# Work to complete
The answer is all of the data repeated exactly, with each picture omitted.

== Data section ==

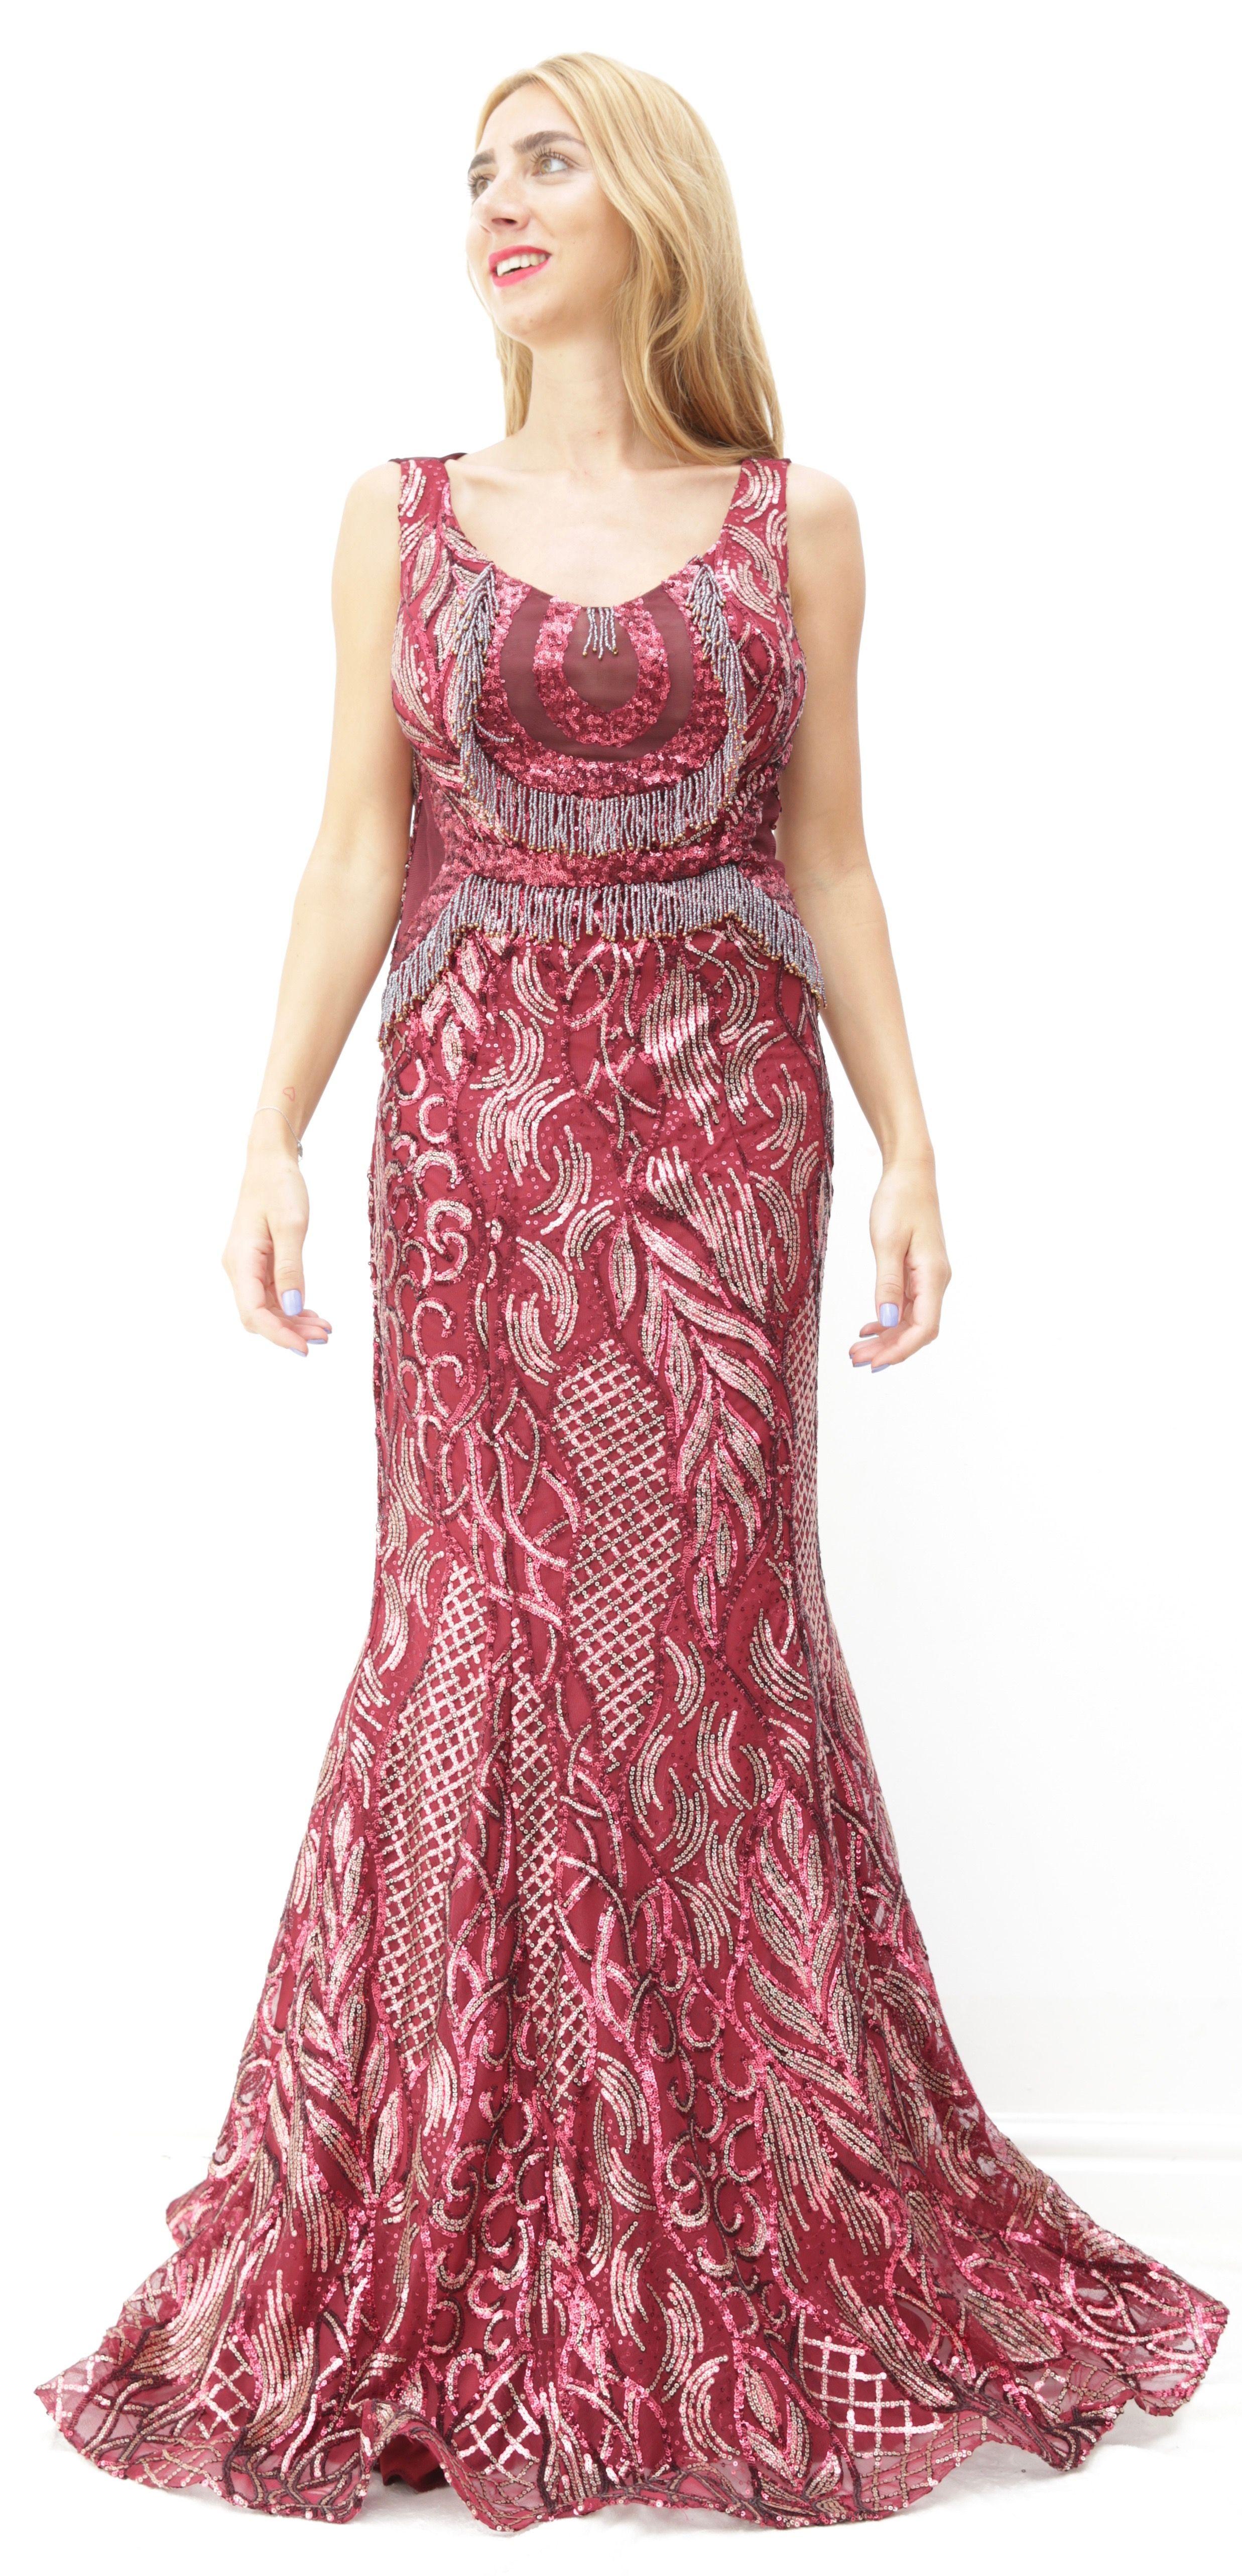 65beee10ab3 Sortez la femme glamour et chic en vous avec cette robe bordeaux à sequins  en forme
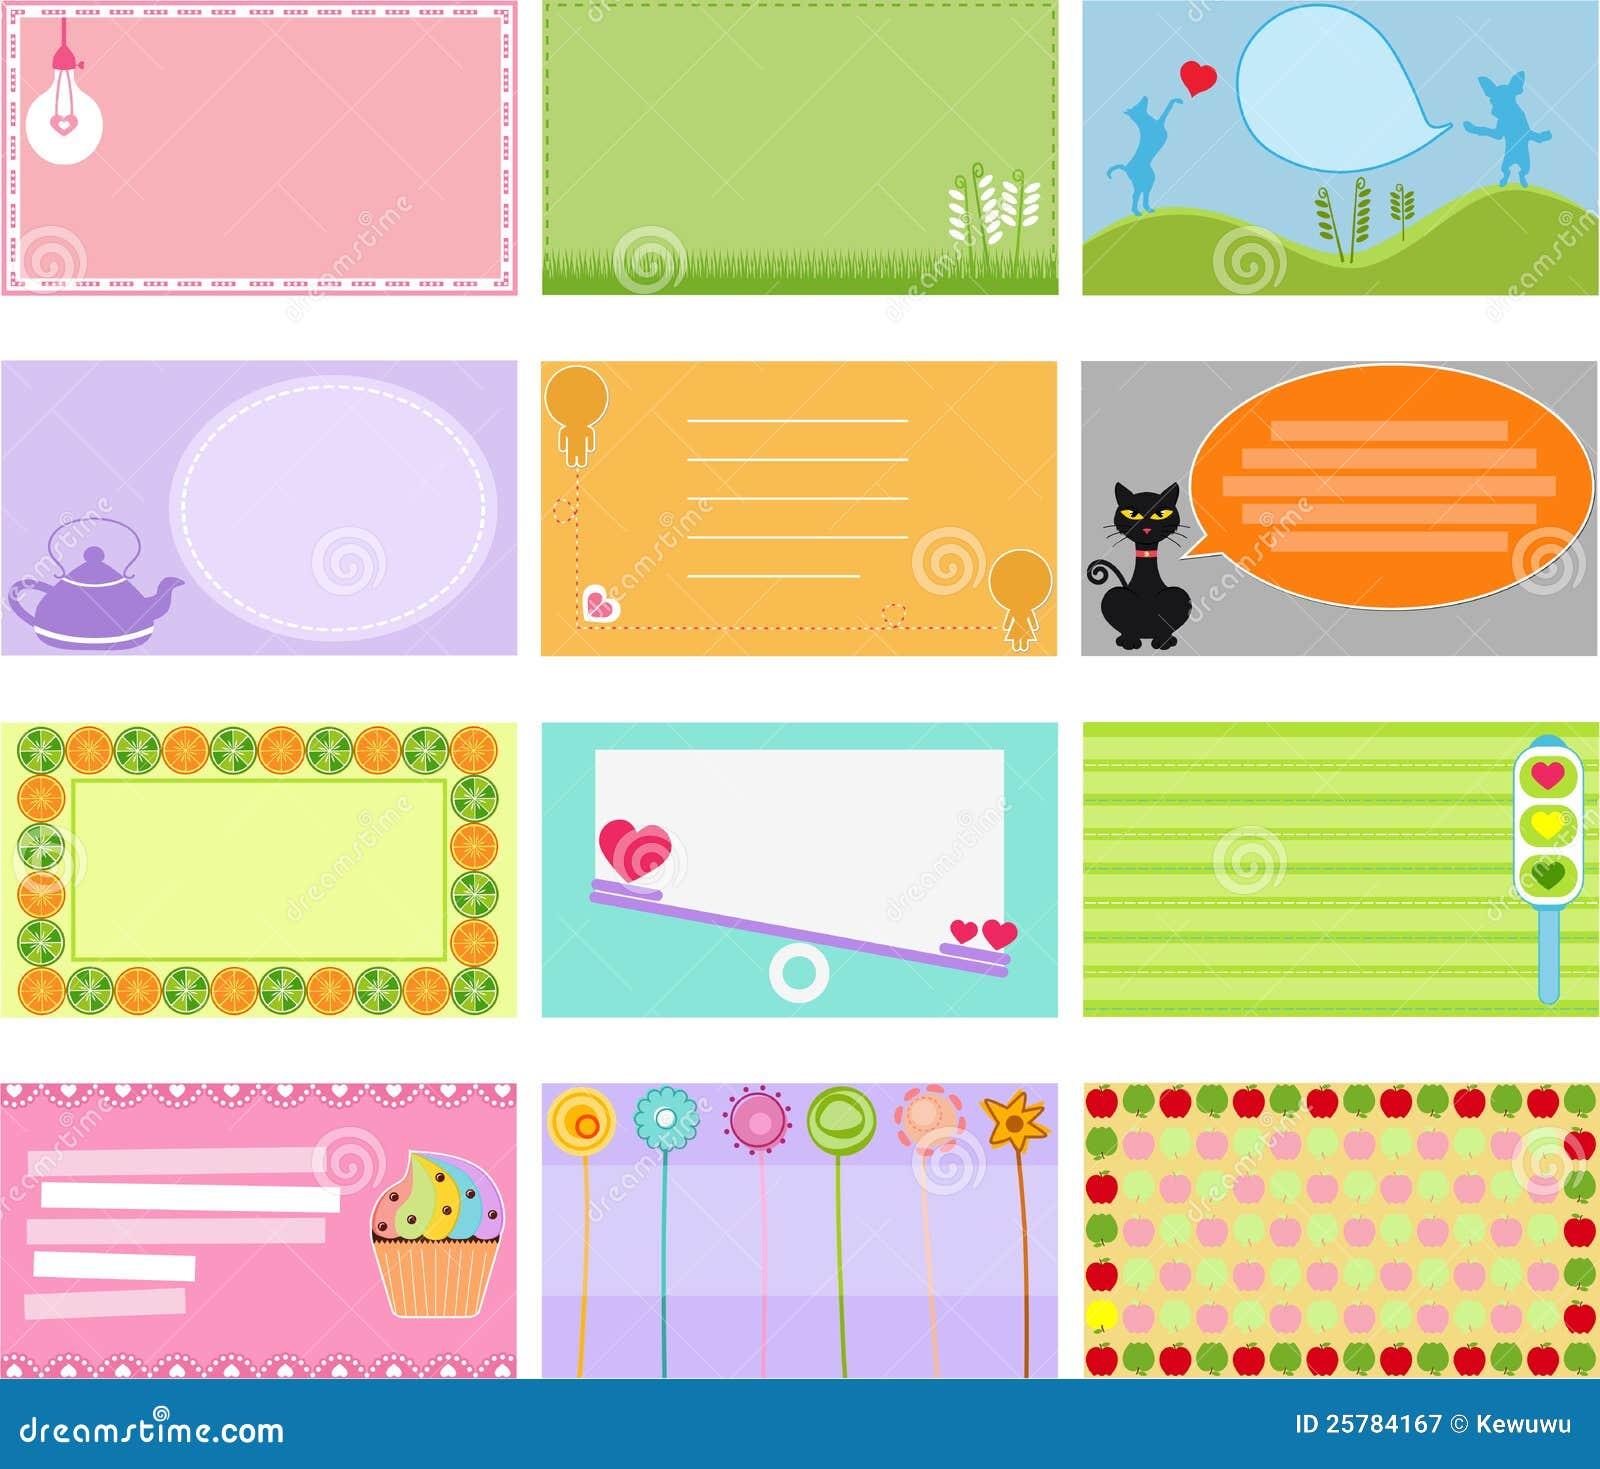 Graphic Design Art Student Label Design
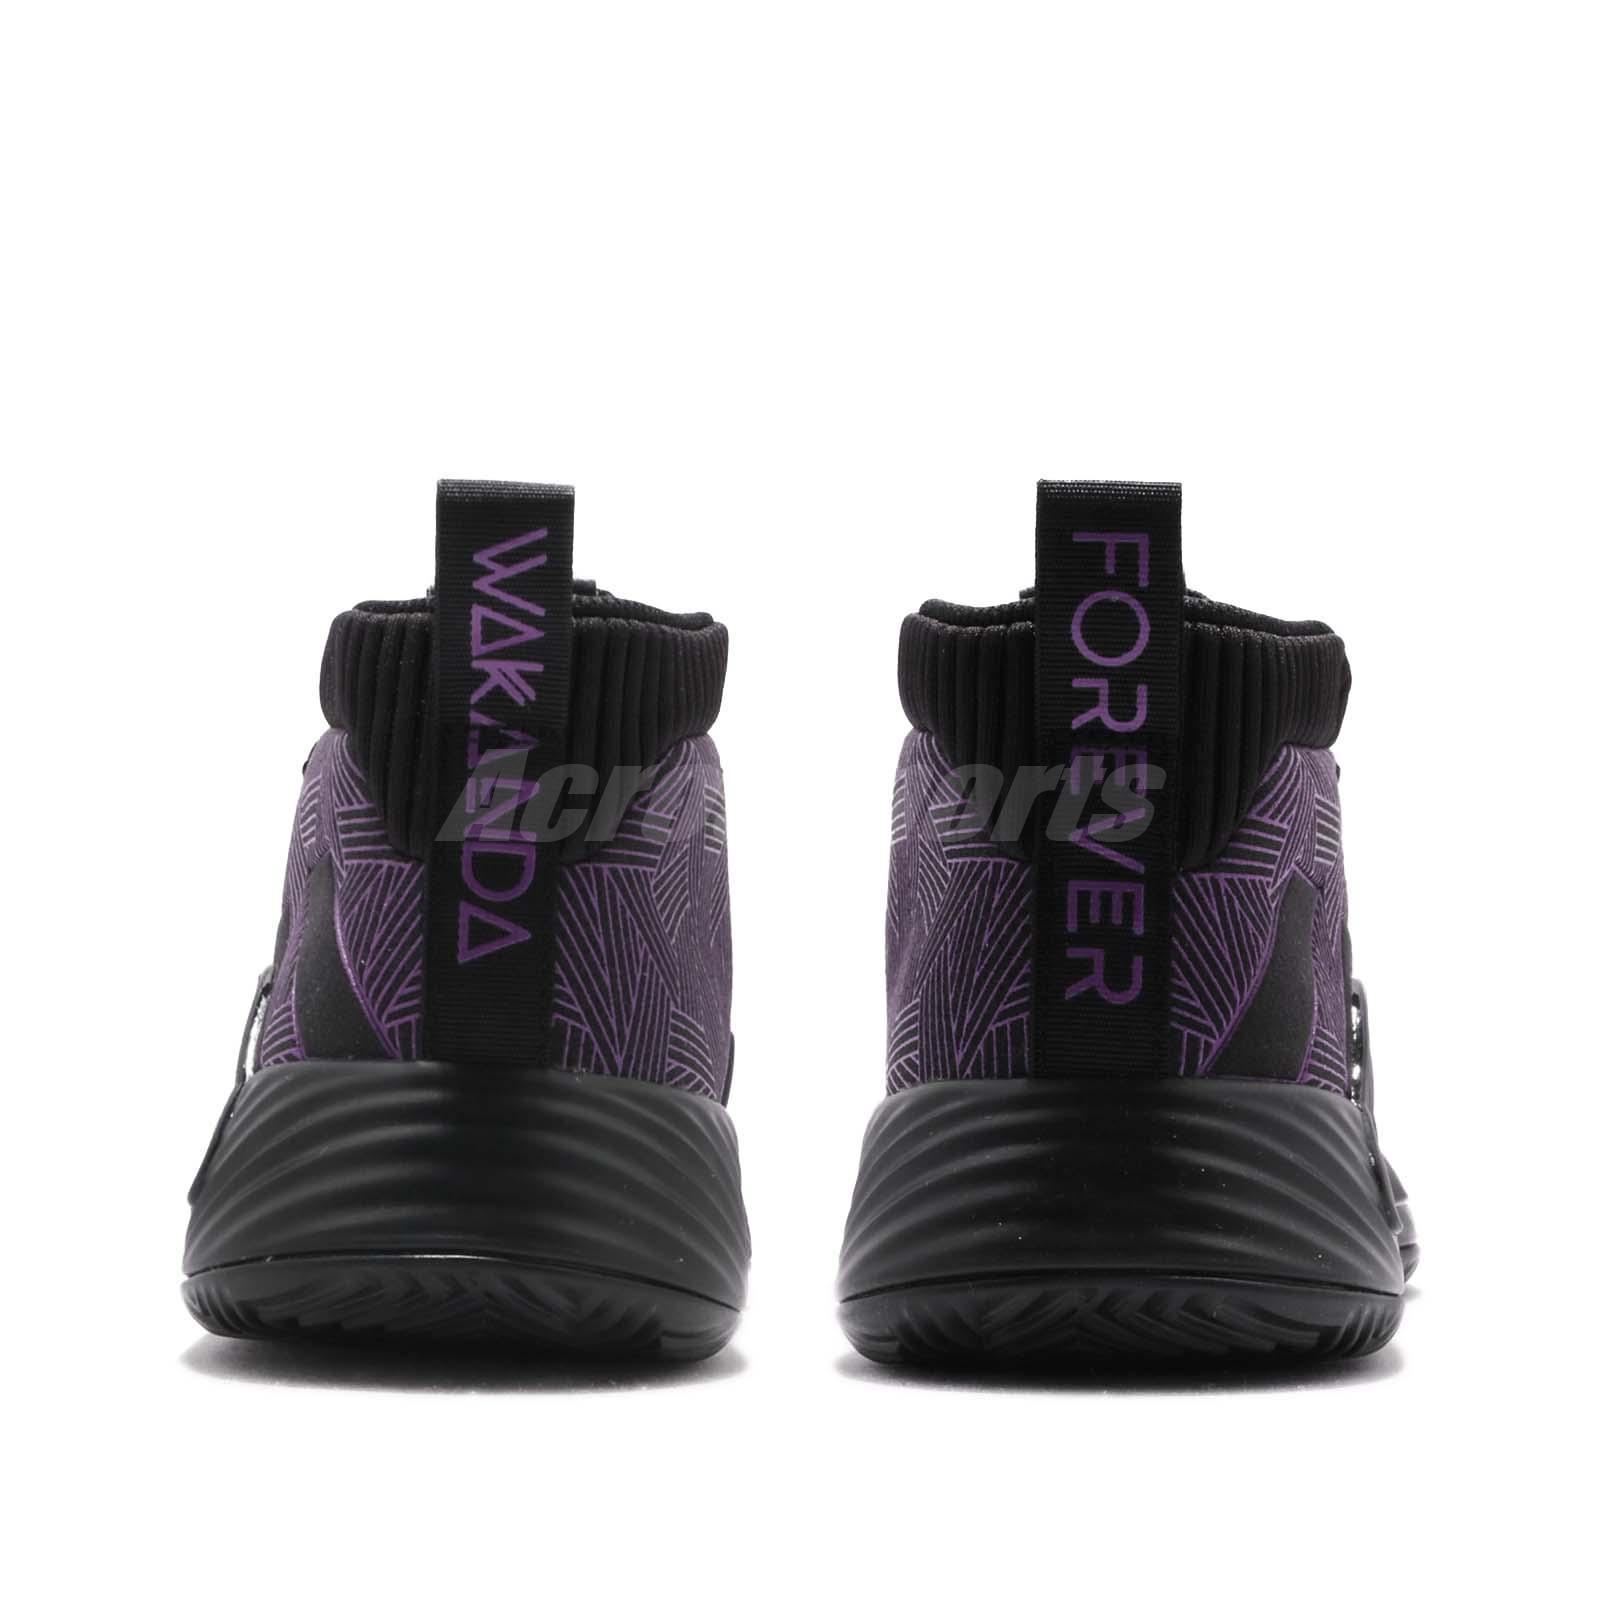 Adidas Dame 5 Black Panther, Men's Fashion, Footwear

===

# Task result
 65beee10ab3 Sortez la femme glamour et chic en vous avec cette robe bordeaux à sequins  en forme
 Graphic Design Art Student Label Design
 Adidas Dame 5 Black Panther, Men's Fashion, Footwear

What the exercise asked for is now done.